The 24/7 does have a fairly perfume-y smell, although not as strong as Small Spaces. That is how it comes. Not sure if that specific type comes in unscented, but I know Tidy Cats does offer unscented varieites...


But so far, still loving the 24/7... my apartment doesn't smell like cats at all, even right by the boxes!


----------



## Mandy and Ellie (Oct 22, 2013)

marie73 said:


> Unless he thought the kid needed a diaper change.....


LMAO!! I just cracked up... absolutely classic :lol:


----------



## Floridagal (Nov 2, 2014)

Been using Scoop Away Multi Cat for years with great success.


----------



## dragoness (Feb 12, 2015)

I too am in search of a good litter.

Currently, I am using Tidy Cat Pure Nature (it's a blend of corn cob, pine, and cedar). It smells okay, but is quite dusty. 

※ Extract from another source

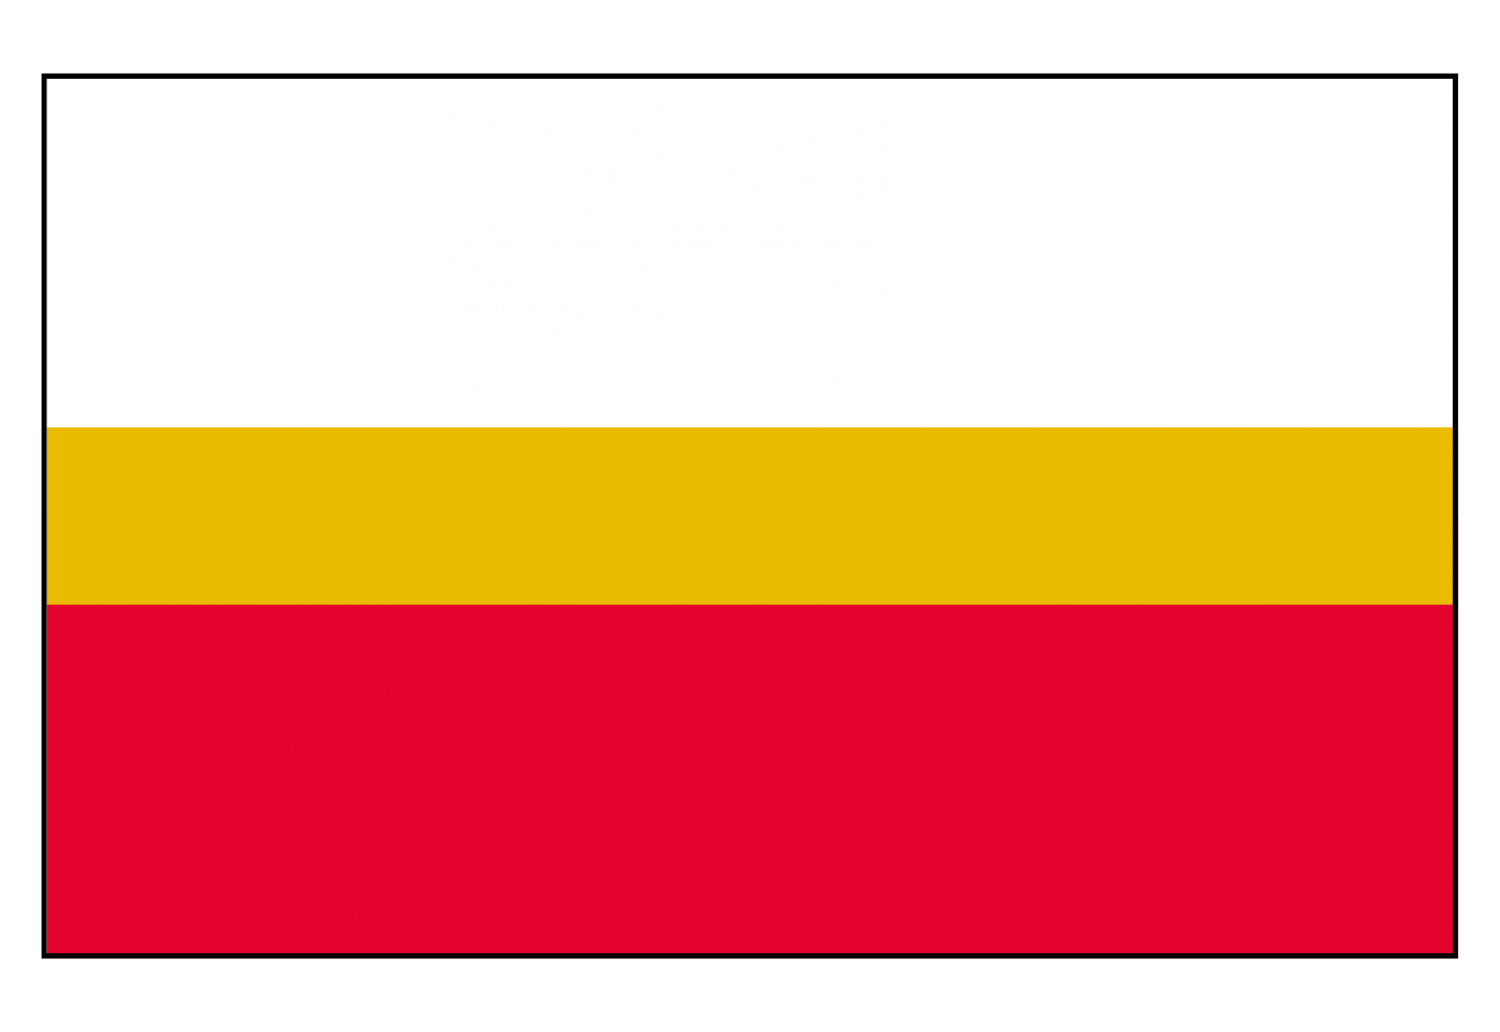 Flaga Województwa Małopolskiego trzy kolory bialy złoty i czerwony

As long as you scoop regularly, the clumps stay pretty hard, but if you forget, or get too busy for a day or two, they seem to break down when scooping, and just kind of fall apart.

I don't have any problem with odor control with it - it works VERY well for that.

Downside is the tracking.....

I'm not 100% satisfied with it. (still looking for better options)


----------



## littlecatblue (Sep 3, 2013)

I used to really like the Tidy Cat Small Spaces formula. The litter boxes were in the laundry room next to my kitchen, and that one seemed to trap the smell the best with daily scooping. No other Tidy Cat was as effective. 

I have since switched to the Tidy Cat Lightweight. It is very perfumey, but the cats don't mind and the boxes are now in their own room in the basement....although I noticed if I don't get to them, the other rooms in the basement smell like dung. 

A couple of things I noticed in my life with cats.....nothing holds urine smell like plastic, and most litter boxes are made of plastic. Those with lids seem to exacerbate the smell. I ditched my hooded litter boxes because of that. I use boxes that are deep and open and completely cover them in the litter box liners (I use garbage bags to cover the entire box). I put something under the box to catch litter and the occasional stray pee.


----------



## burt (Jun 2, 2014)

I have never been into the litter scene, maybe 15 years ago when I had a kitten, but since im planning on getting a indoor cat I must look into it. How likely is it to successfully potty train a cat from kitten, they have training products I came across.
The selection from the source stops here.